In the United States, the remedy is commonly referred to as reformation.

England

In English law, the rule was summarised in Fowler v Fowler (1859) 4 DeG & J 250 at 264:

"Only after the court has been satisfied by evidence which leaves no 'fair and reasonable doubt' that the deed impeached does not embody the final intention of the parties. This evidence must make it clear that the alleged intention to which the plaintiff asks that the deed be made to conform, continued concurrently in the minds of all the parties down to the time of its execution; and the plaintiff must succeed in showing also the precise form in which the instrument will express this intention."

A less-demanding process following the contractual construction principle of misnomer is also available under English law. [1]

Scotland

In Scots Law, unlike English law above, did not traditionally recognise the remedy of rectification.
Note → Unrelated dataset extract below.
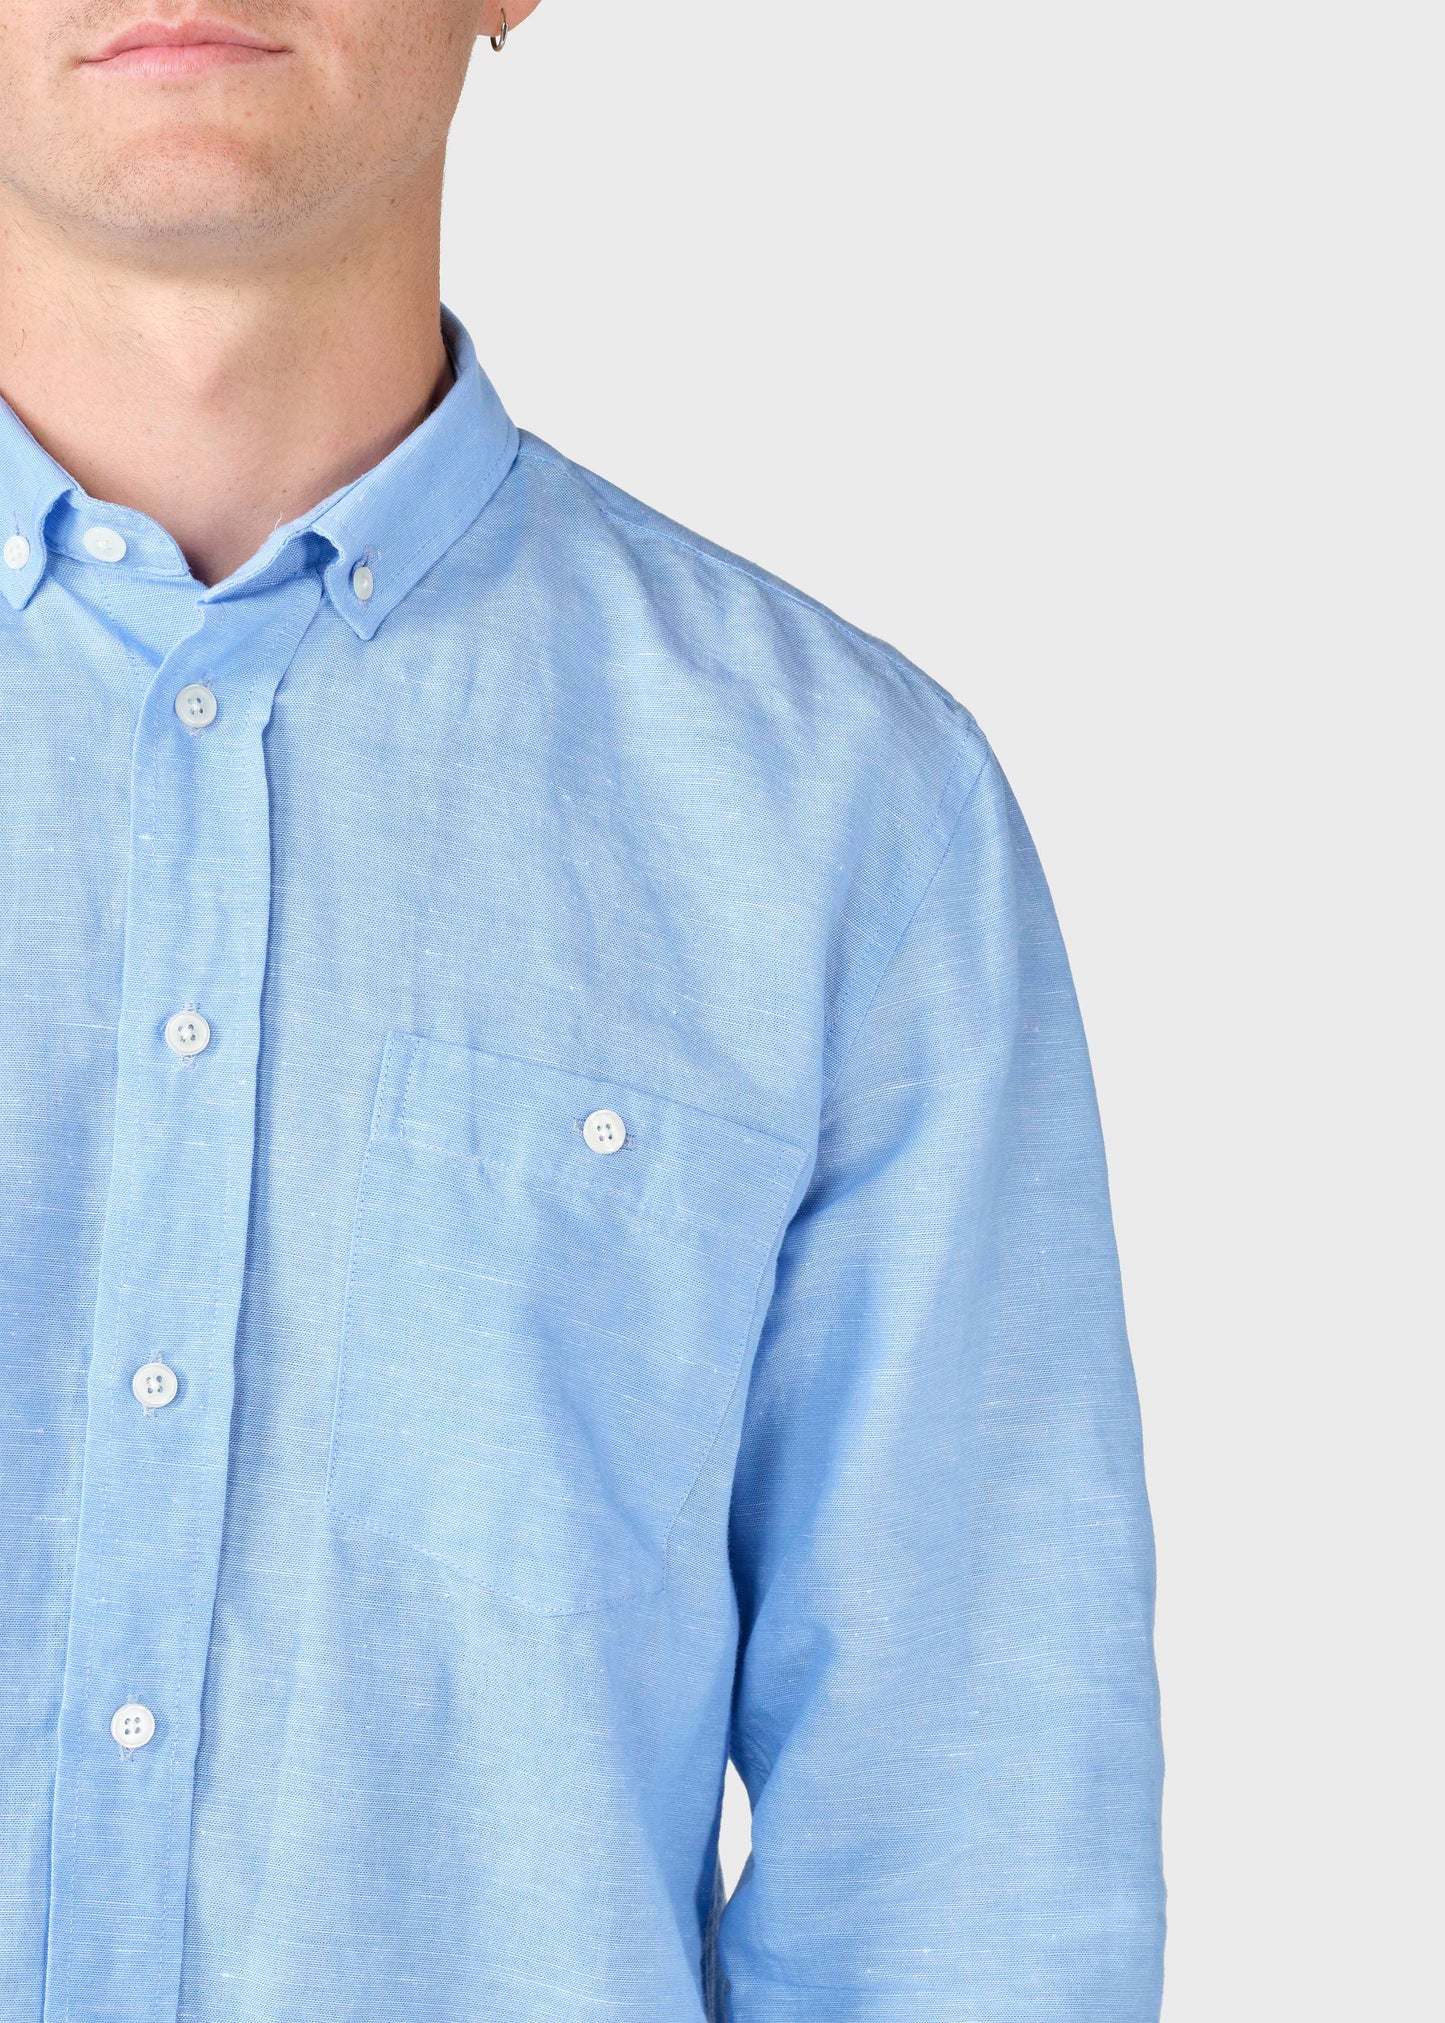 Klitmøller - Benjamin linen shirt - Blue melange

In cases where the parties had made a mistake, they could seek reduction of the contract, or interpretation by the court. [2] This state of the law was generally seen as unsatisfactory. [3]

This led to the introduction of Section 8 of the Law Reform (Miscellaneous Provisions) (Scotland) Act 1985

The general provision for rectification is as follows:

"(1) Subject to section 9 of this Act, where the court is satisfied, on an application made to it, that—
(a) a document intended to express or to give effect to an agreement fails to express accurately the common intention of the parties to the agreement at the date when it was made; or
(b) a document intended to create, transfer, vary or renounce a right, not being a document falling within paragraph (a) above, fails to express accurately the intention of the grantor of the document at the date when it was executed,
it may order the document to be rectified in any manner that it may specify in order to give effect to that intention.
(2) For the purposes of subsection (1) above, the court shall be entitled to have regard to all relevant evidence, whether written or oral." [4]
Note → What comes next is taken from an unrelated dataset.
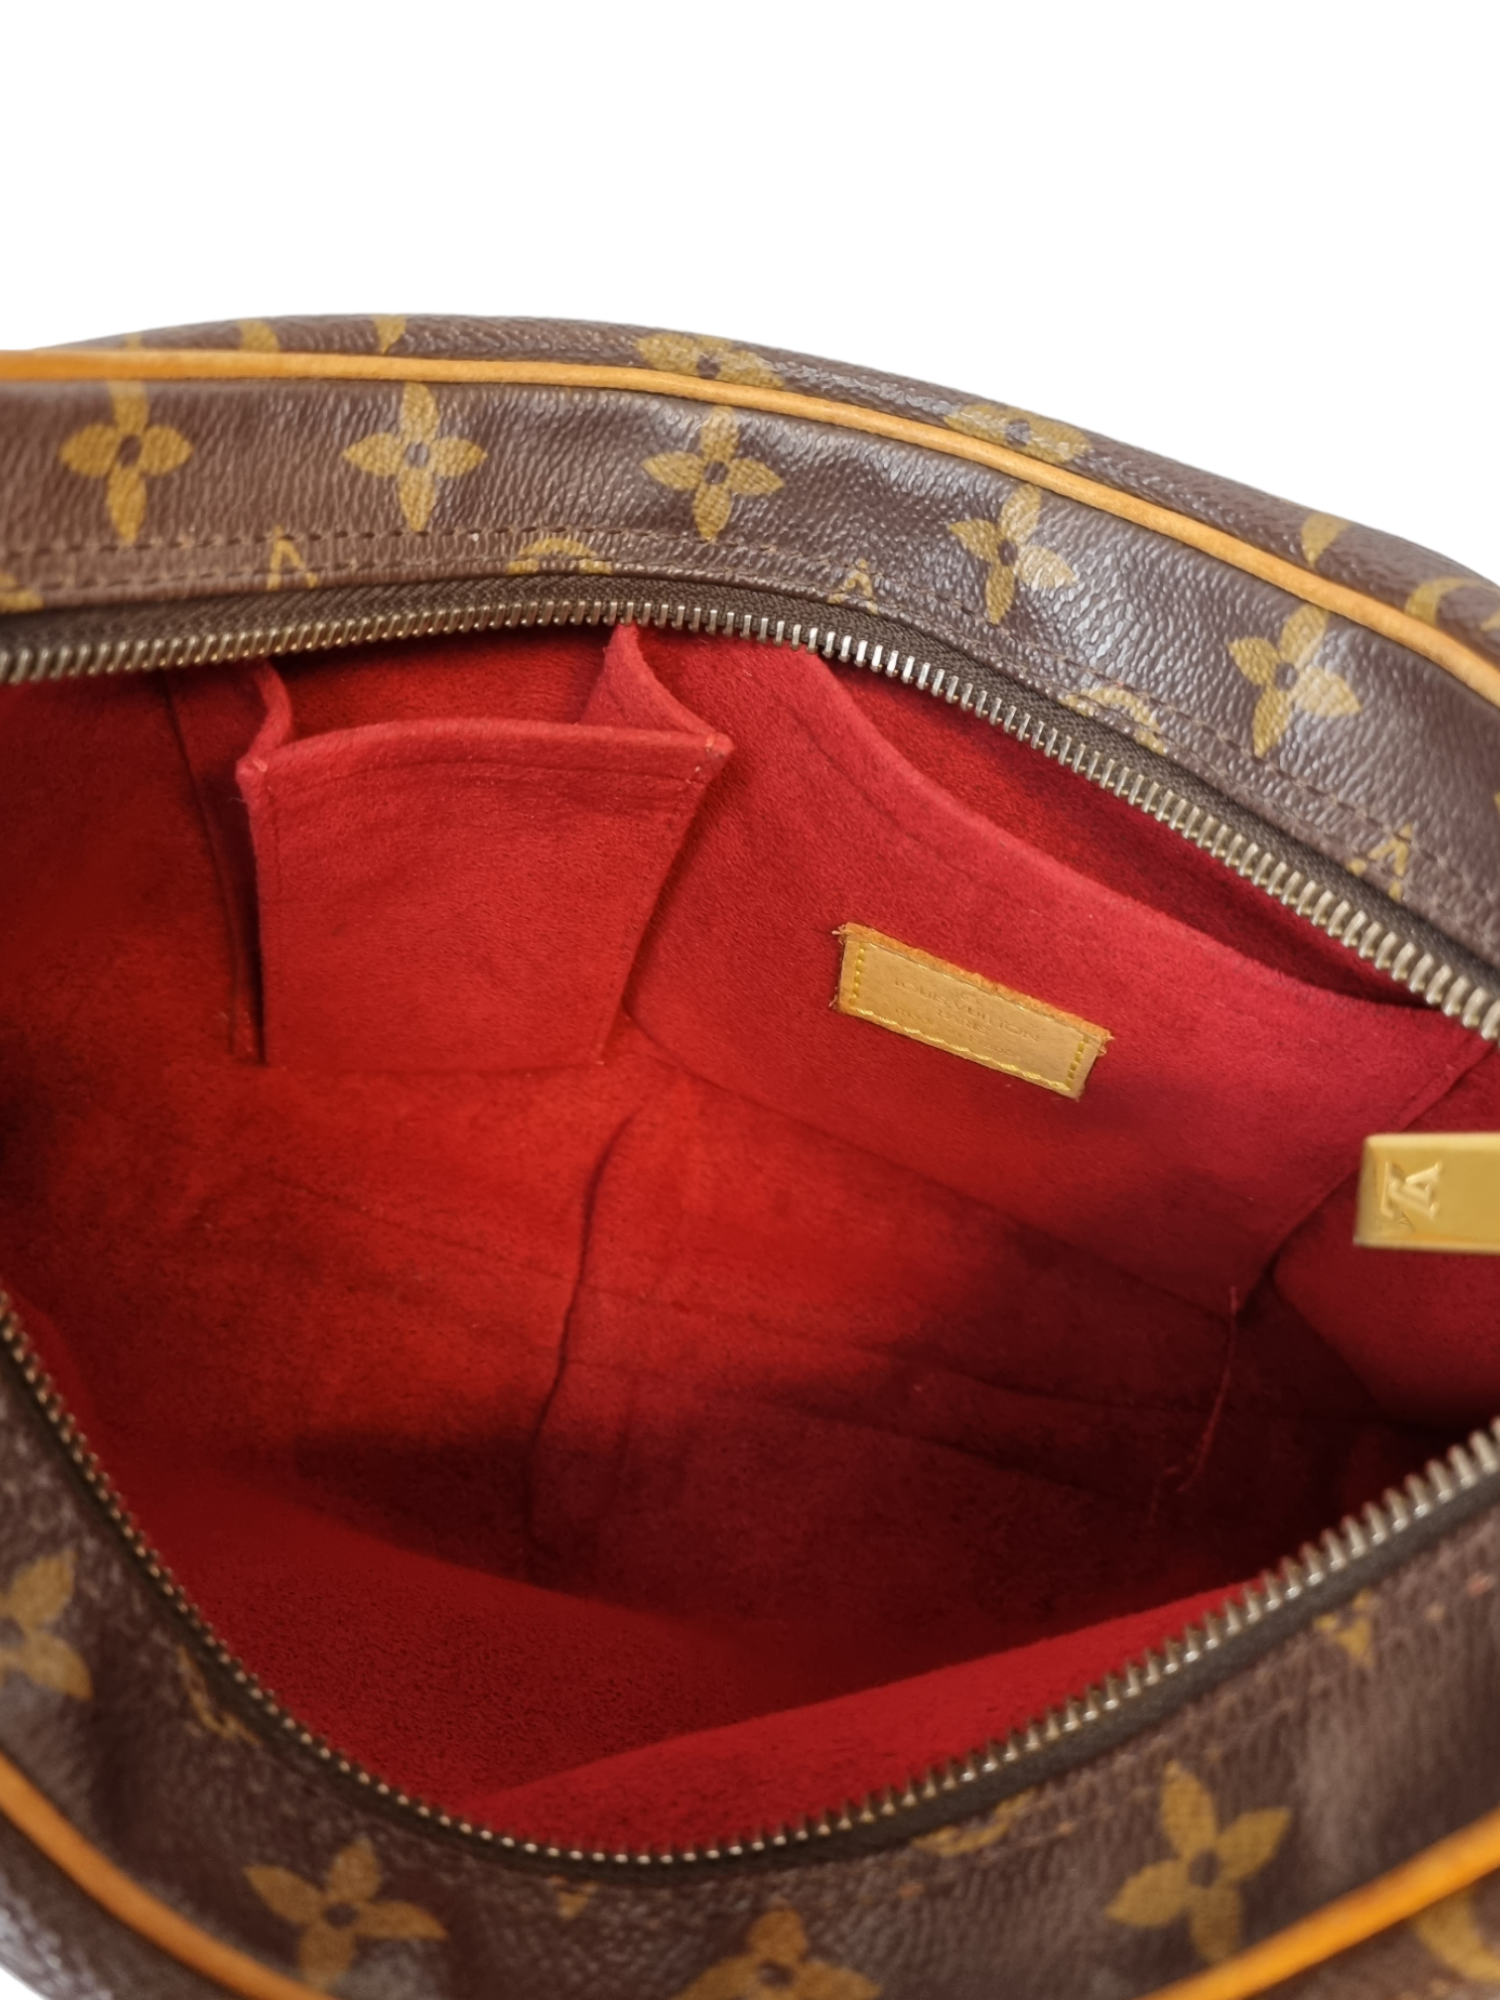 Gorgeous Authentic Vintage Louis Vuitton Monogram Croissant MM Bag w/Dustbag

The wording of the provision logically leads to two scenarios.

  1. The rectification of documents giving effect to a prior bilateral agreement, where there has been a mistake in expression
  2. The rectification of unilateral documents, where the granter has failed to express their intention

Testamentary documents are excluded from this provision under section 8(6). [5]

Effect

Section 8(4) of the act [6] provides that

"(4) Subject to sections 8A and 9(4) of this Act, a document ordered to be rectified under this section shall have effect as if it had always been so rectified." [7]

This provision is thus retroactive, and thus remedies for breach of the rectified term prior to the rectification may be available.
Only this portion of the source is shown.